One of the ideas that works for me when I reflect on my own playing with data is that it is a conversation. Meaning is constructed through the conversation I have with a dataset, and the things it reveals when I pose particular questions to it. In many cases, these questions are based on filtering a dataset, although the result may be displayed in many ways. The answers I get to a question inform the next question I want to ask. Questions take the form of constructing this chart as opposed to that chart, though I am free to ask the same question in many slightly different ways if the answers don’t appear to be revealing of anything.
It is in this direction – of seeing data as a source that can be interviewed and coaxed into telling stories – that I sense elements of the data journalism thang are developing. This leads naturally into seeing data journalism skills as core investigative style skills that all journalists would benefit from. (Seeing things as data allows you to ask particular sorts of question in very particular ways. Being able to cast things into a data form – as for example in Creating Data from Text – Regular Expressions in OpenRefine) – so that they become amenable to data-style queries, is the next idea I think we need to get across…

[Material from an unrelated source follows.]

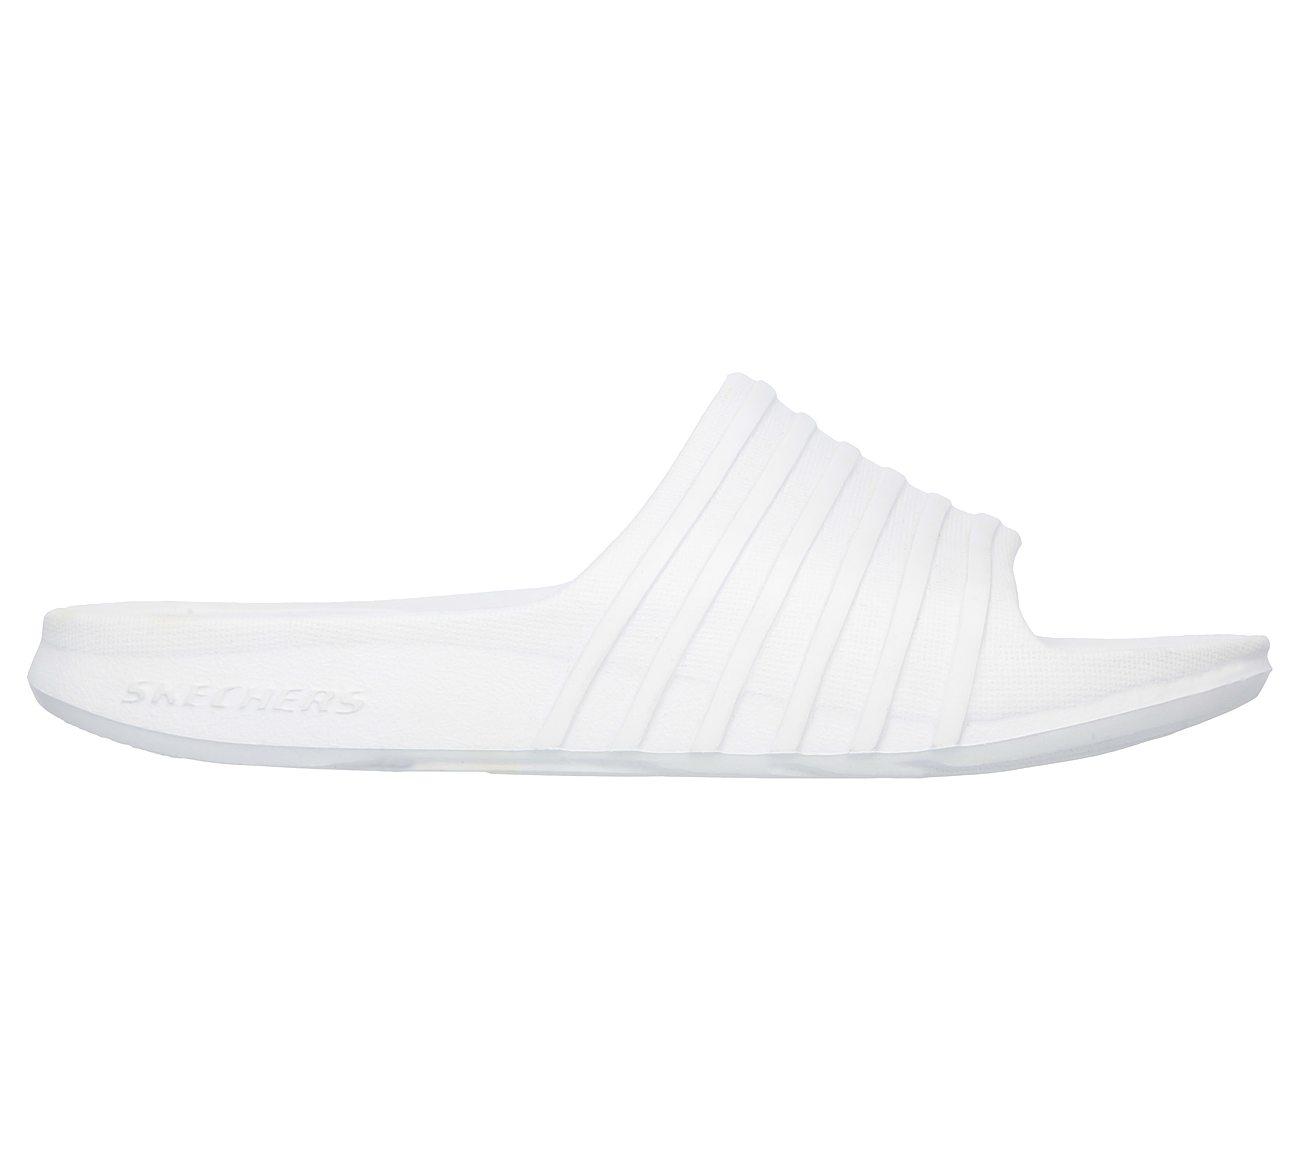 Skechers Shore Womens Slides Sandals
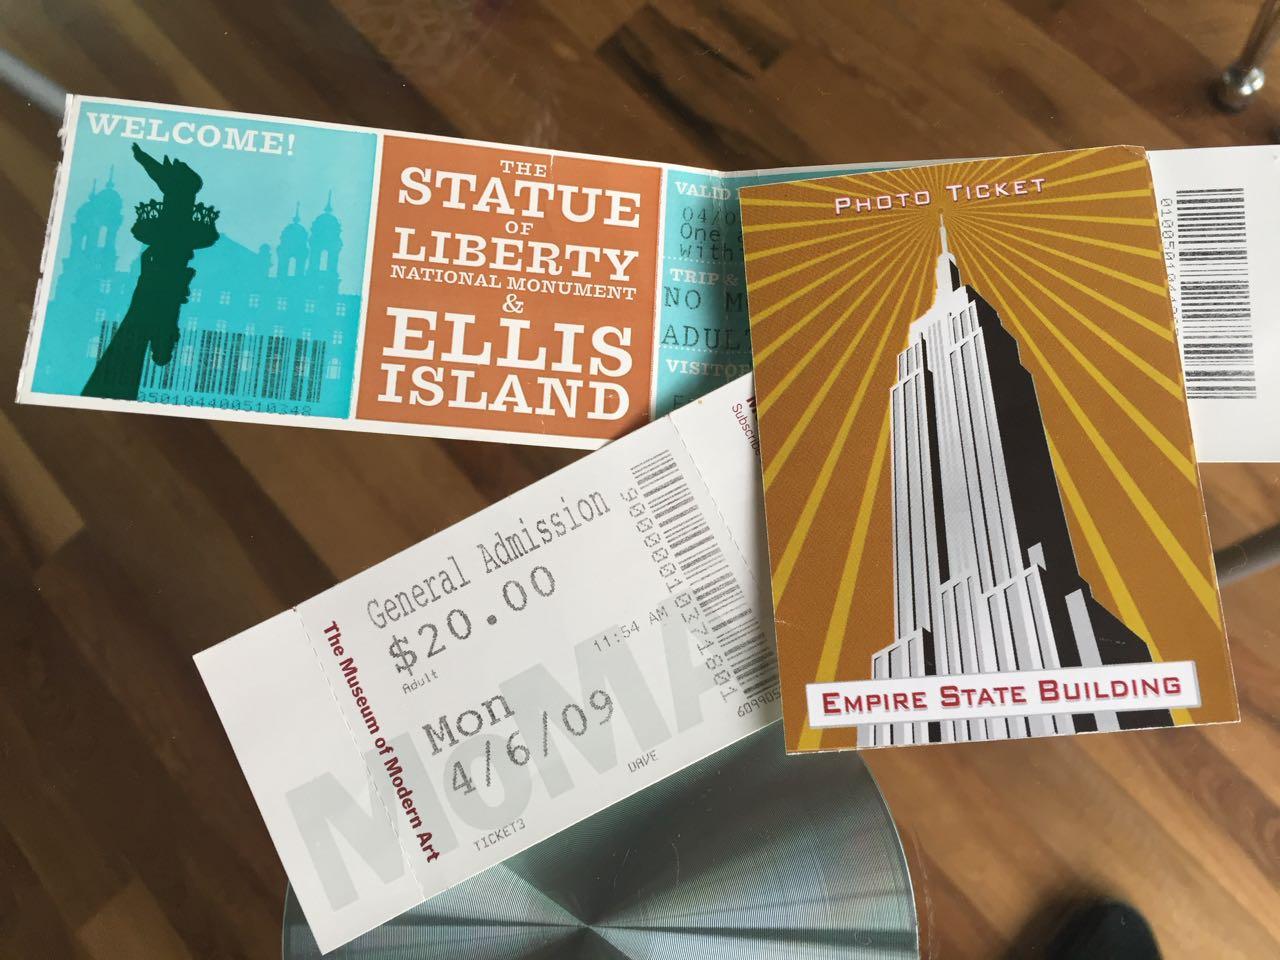 whatsapp image 2017 06 07 at 16 17 53 - La New York Pass vs New York City Pass ¿Cuál conviene?

So what are the jobs that are out at the moment? Here’s a quick round-up of some that I’ve spotted…
- Data editor (Guardian): “develop and implement a clear strategy for the Data team and the use of data, numbers and statistics to generate news stories, analysis pieces, blogs and fact checks for The Guardian and The Observer.
You will take responsibility for commissioning and editing content for the Guardian and Observer data blogs as well as managing the research needs of the graphics department and home and foreign news desks. With day-to-day managerial responsibility for a team of three reporters / researchers working on the data blog, you will also be responsible for data analysis and visualisation: using a variety of specialist software and online tools, including Tableau, ARCGis, Google Fusion, Microsoft Access and Excel”
Perpetuating the “recent trad take” on data journalism, viewed as gonzo journalist hacker:
- Data Journalist [Telegraph Media Group]: “[S]ource, sift and surface data to find and generate stories, assist with storytelling and to support interactive team in delivering data projects.
“The Data Journalist will sit within the Interactive Data team, and will work with a team of designers, web developers and journalists on data-led stories and in developing innovative interactive infographics, visualisations and news applications. They will need to think and work fast to tackle on-going news stories and tight deadlines.
- One of the most exciting opportunities that I can see around data related published is in new workflows and minimising the gap between investigative tools and published outputs. This seems to me a bit risky in that it seems so conservative when it comes to getting data outputs actually published?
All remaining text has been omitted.